I'll give it a look, but I'm getting comfortable with Rentaldesk NX


----------



## MikeJ (Jan 28, 2014)

Sure thing, just putting options out there. I thought the interface was quite nice, and the flexibility and UI are very good once you have everything set up. Being Flashed based is a downside for mobile platforms, we will see what happens now that adobe has dumped flash. There were some issues, at least for us with many LARGE orders and the cloud based server speed, however they have switched servers, and I do think that they now offer locally hosted servers as well.


----------



## jstroming (Jan 30, 2014)

Along these lines, I am at the other end, have several million in equipment, and currently have NO scanning system. I don't do rentals (all shows are produced in house) but for insurance reasons and one-offs I am thinking of an inventory system. Does anyone know of a company where they will come in and barcode everything and get the system up an running?

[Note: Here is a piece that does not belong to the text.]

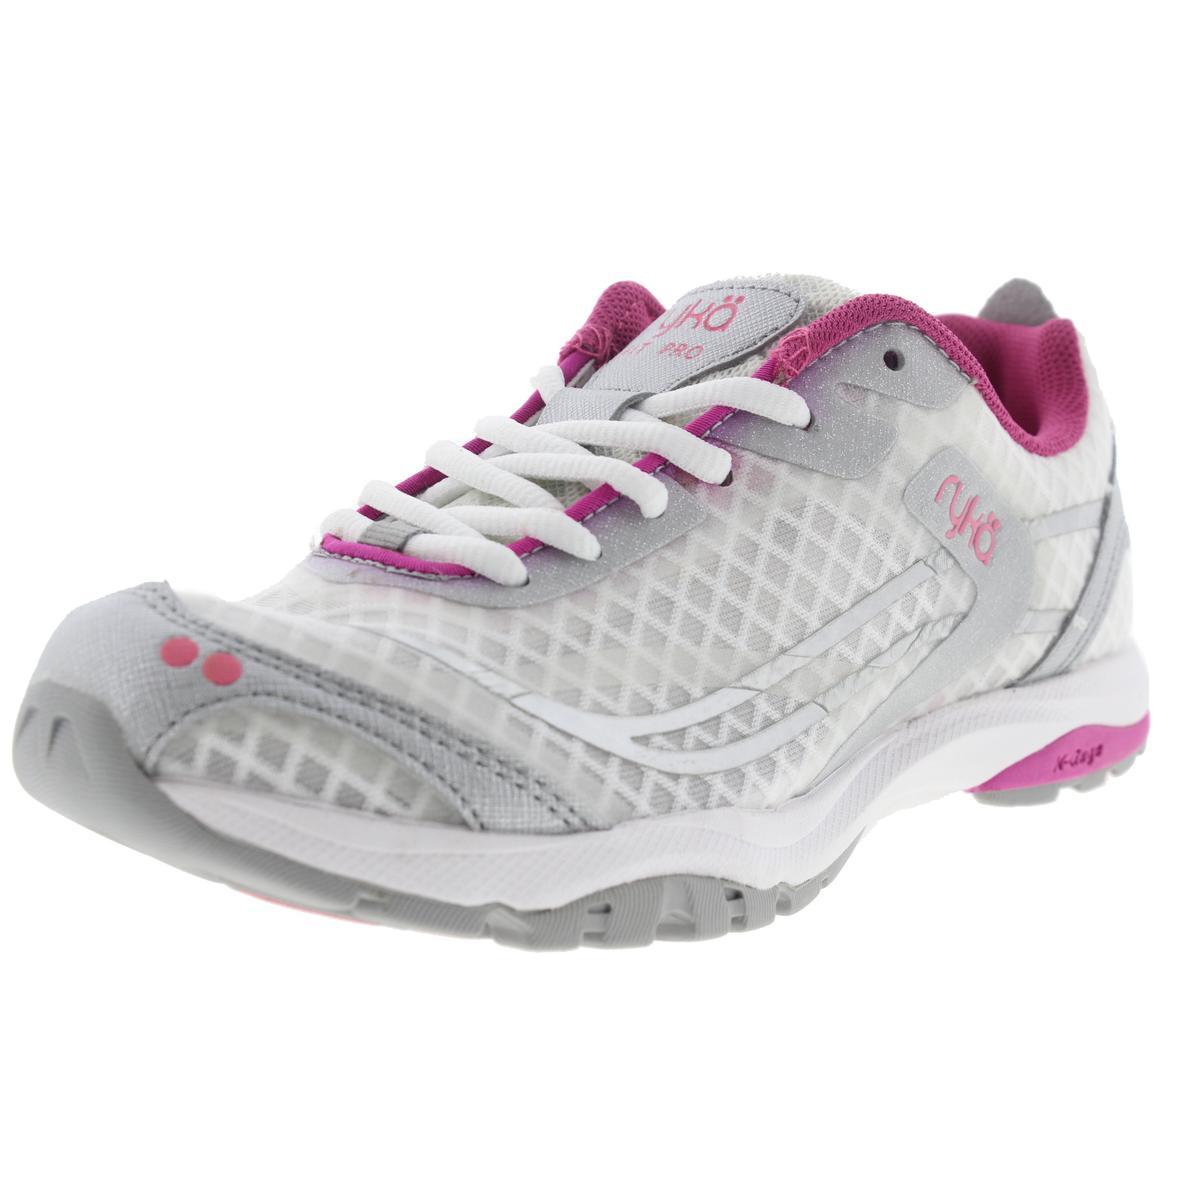 Ryka Womens Training Shoes

Sent from my iPhone using Tapatalk


----------



## MikeJ (Feb 1, 2014)

I'm not sure of any that will do your initial inventory, but most can import you data from other databases.

If you do take the plunge into inventory control, I encourage you to barcode everything that has space for a barcode.

Having inventory control has a ton of benefits, but a main one is letting your gear work more because you know where everything is, and when it is coming back to the shop, so it can go right back out. Including gear trucks and people.

Flex is very well rounded, and in depth if you want it to be.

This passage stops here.